An exterior view of China Evergrande Centre in Hong Kong. Picture: REUTERS/BOBBY YIP
An exterior view of China Evergrande Centre in Hong Kong. Picture: REUTERS/BOBBY YIP

Hong Kong — The editor-in-chief of state-backed Chinese newspaper Global Times warned debt-ridden property giant Evergrande Group that it should not bet on a government bailout on the assumption that it is “too big to fail”.

It was the first commentary to appear in state-backed media casting doubt on a government bailout for the country’s No 2 property developer, whose shares fell on Friday for the fifth consecutive day amid concerns it is heading for default.

Evergrande is scrambling to raise funds to pay its many lenders and suppliers and investors, with regulators warning its $305bn of liabilities could spark broader risks to the country’s financial system if not stabilised.

Global Times editor-in-chief Hu Xijin said on his WeChat social media account on Thursday that Evergrande should turn to the market for salvation, not the government.

He said Evergrande’s potential bankruptcy was unlikely to trigger a systemic financial storm like the collapse of Lehman Brothers, because it was a real estate business not a bank and down payment ratios on property in China were very high.

Global Times is a nationalistic tabloid published by the Communist Party’s People’s Daily. Its views do not necessarily reflect the official thinking of policymakers.

Policymakers are telling Evergrande’s major lenders to extend interest payments or rollover loans, and market watchers increasingly think a direct bailout from the government is unlikely.

A group of Evergrande’s offshore bondholders has selected investment bank Moelis & Co and law firm Kirkland & Ellis as advisers on a potential restructuring of a tranche of bonds, focusing on about $20bn in outstanding dollar bonds in the event of nonpayment, sources said.

Evergrande is due to pay $83.5m interest on September 23 for its March 2022 bond. It has another $47.5m interest payment due on September 29 for the March 2024 notes. The bonds would default if Evergrande fails to pay the interest within 30 days.

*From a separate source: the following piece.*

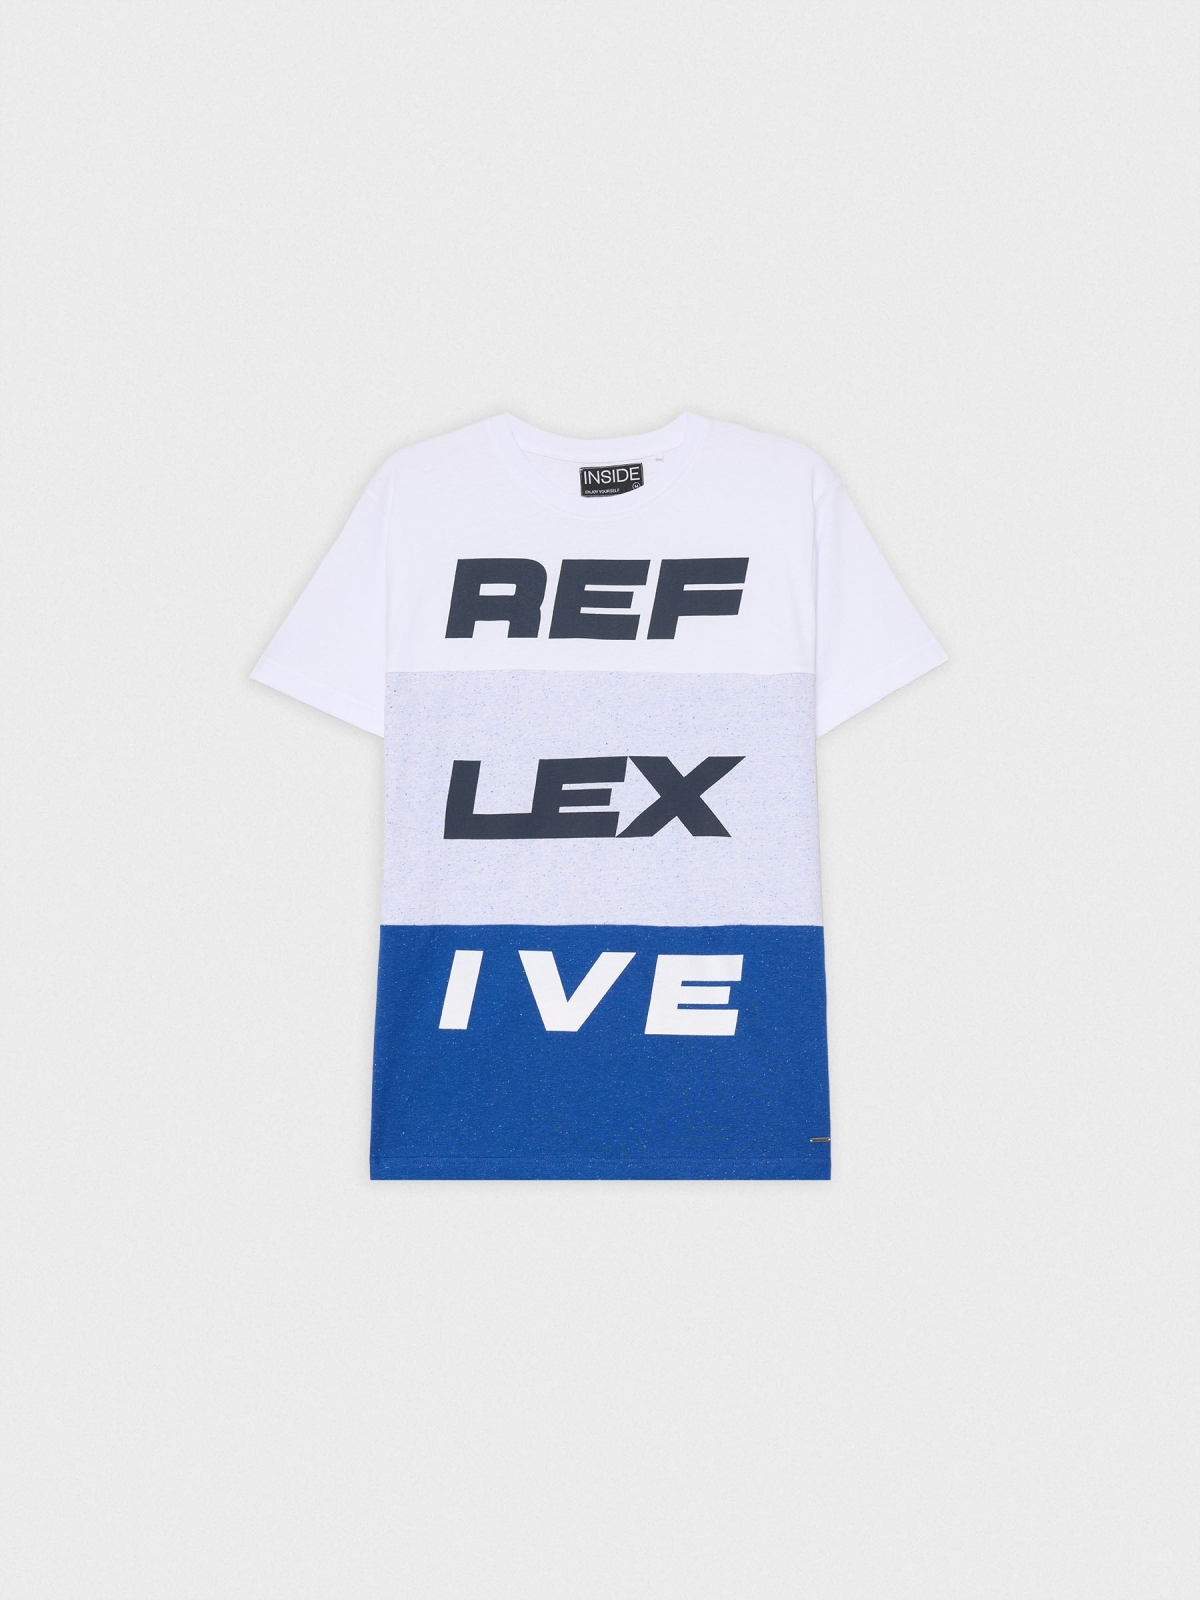  T-shirt REF LEX IVE azul

The debacle of Evergrande - which has more than 1,300 real estate projects in over 280 cities - is dampening the yuan and confidence in Chinese assets more broadly.

Evergrande shares fell another 13% to HK$2.28 on Friday, the lowest level since October 2011. Its offshore October 2023 bond fell 10% to 16.125c.

China Minsheng Banking Corporation, one of Evergrande’s major lenders, dropped 4.6% to a record low of HK$2.80.